Julia Sampson. Photo Maren Mealey

Julia Sampson is one of the leaders of the school strike for climate movement in Halifax. Their wake-up call to the climate crisis was spurred by the youth-led climate strike movement in Europe and along with a friend they started the movement in Kjipuktuk in February of 2019. 

To Julia, their queer identity led them to be more open to taking risks in organizing. 

“Because I’ve had to explain myself and my identity to so many people in my life and with that, defend my identity, it’s been easier for me to be so openly opposed to something and fight for climate justice in such a loud and public way such as striking,” they say. 

Julia has found that most of their peers in the climate movement are queer themselves and has found overall acceptance and positive reception of their identity. But the climate movement has many different layers, especially given the different generations, Julia says. “Climate justice is so intersectional I don’t ever feel like I’m fighting for just one issue,” they note.

Many queer folks have experienced trauma as a result of their identities and have to process many layers of emotion and grief, so I asked them to turn to the topic of climate grief and eco anxiety. 

Climate grief is grief and sadness that is experienced as a result of the changing climate, fear for the future, and loss associated with the climate crisis. I also asked them to delve into how their climate grief might or might not be connected to their queer identity.

“A lot of my anxiety stems from my queer identity and the trauma of trying to identify myself at such a young age.

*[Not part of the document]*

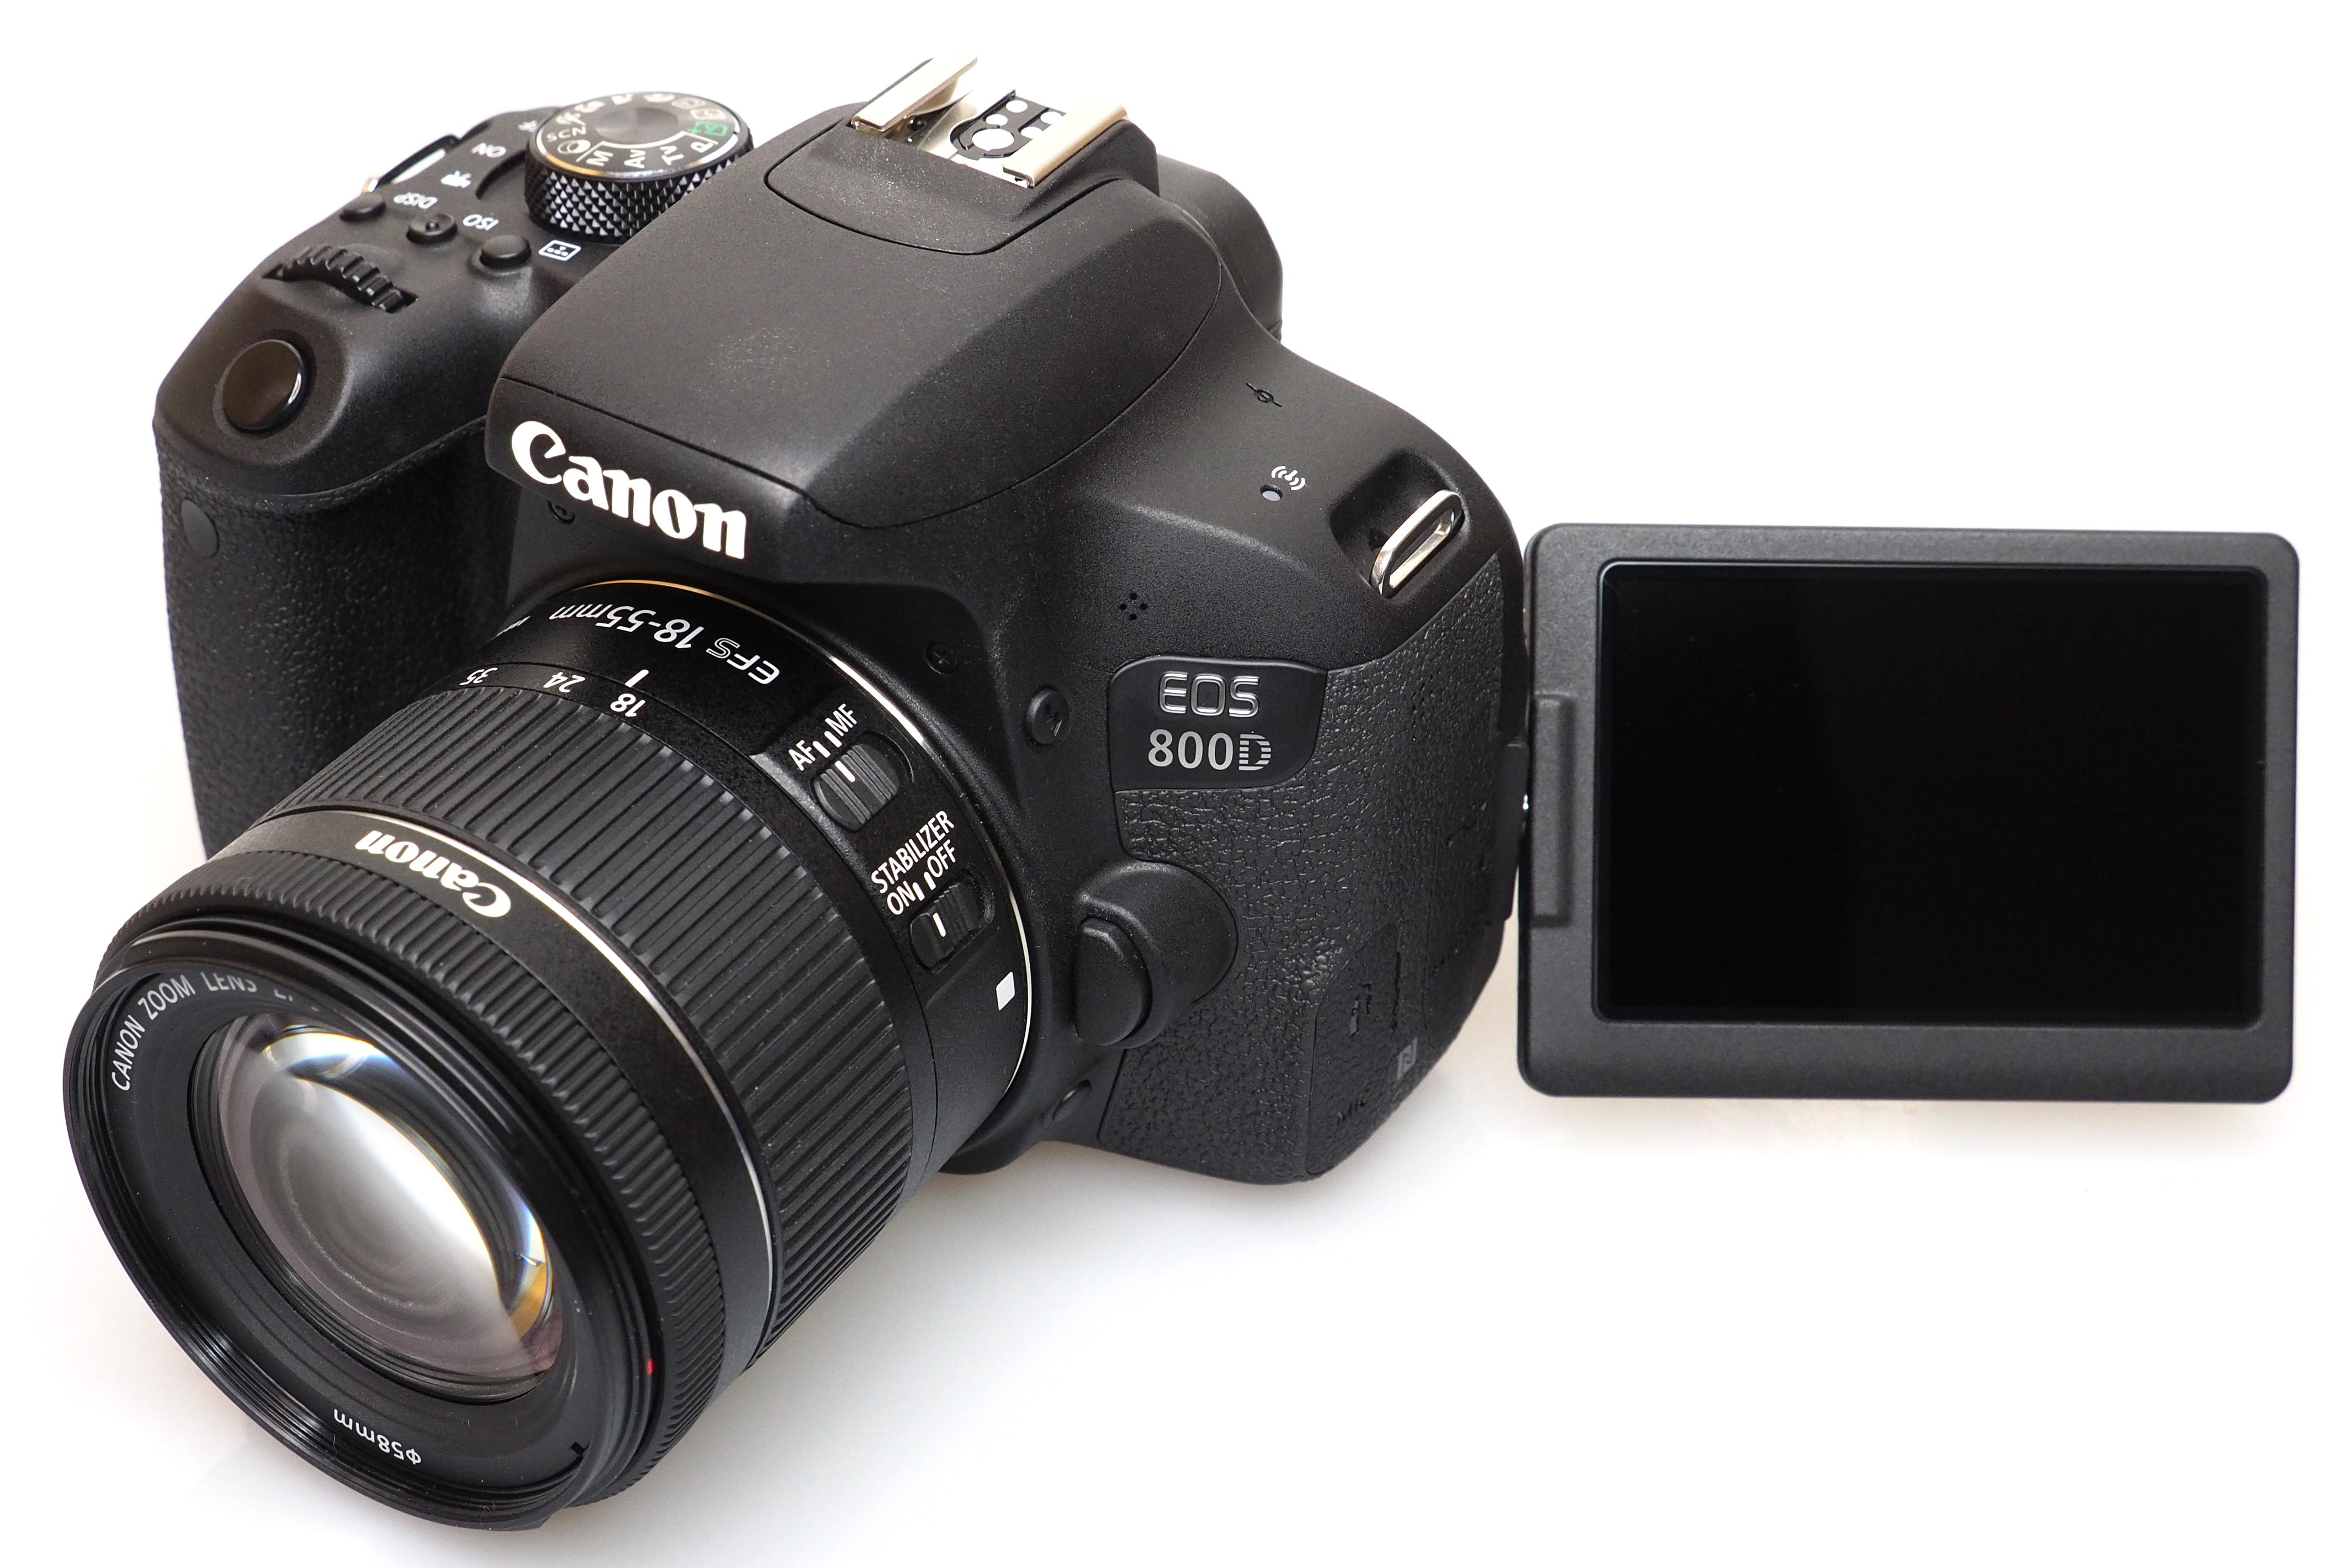 Canon EOS 800D Expert Review | ePHOTOzine

So I feel like my climate anxiety is very similar in that way that it’s connected to my age as well and a very specific facet of my anxiety”, Julia explains. 

It is a unique experience to be a young person growing up in a society riddled with existential angst. For a different experience, I turned to Nina Newington.  

Nina Newington and Extinction Rebellion Annapolis County

Nina Newington. Contributed.

Nina grew up in Britain in the 1970s and is a member of Extinction Rebellion Annapolis County. She took part in the logging blockade against the clearcutting of lands in Digby County that will destroy habitat of the threatened mainland moose. Nina is also a well known writer of fiction and brings her creativity and eyes for story to her work as an activist.

Nature has always been a part of Nina’s life and often provided her with joy and strength to get through hard times, Nina tells me.

“The thing that had been feeding me my whole life, that connection with nature, which had been a source of joy had also become a source of grief. At some point, I had this moment where I looked up and said, okay I’ll do what I can,” Nina explains.

“Grief, and a sense of responsibility to know that I’m a part of the developed world which has built itself up on using more than its fair share of resources, and a really fundamental feeling of wrongness, that we need to change course for all future generations and for all of nature. I’ve always felt more connected to the natural world than necessarily other human beings.” 

She was drawn to Extinction Rebellion because of its focus on direct action and creativity, and also found it to have very clear demands and to be very queer-friendly. As a writer and a queer person she finds that creativity is a crucial element in any movement. Extinction Rebellion seems to have an openness to play, art, and inventiveness which intertwines with queerness in many ways.

Nina’s queerness and artist’s point of view drew her to Extinction Rebellion, but much earlier it also made her connect deeply with nature. As a teenager who was expelled from school and very isolated due to in large part her queer identity, she found solace in nature. 

“Feeling so completely alone as a gay teenager in Midlands, England in 1973 also pushed me to be more aware of that profound connection with nature, that saved me then and has saved me through my life,” Nina says.

Nina finds the environmental movement very accepting of her identity, but that hasn’t always been the case. During the first wave of the movement in the 1970s that was much less the case, she says. 

To succeed movements need to also be communities of mutual care and solidarity, she says.

Mutual care and compassion build the symbiotic relationships between activists in this movement and strengthen our forces.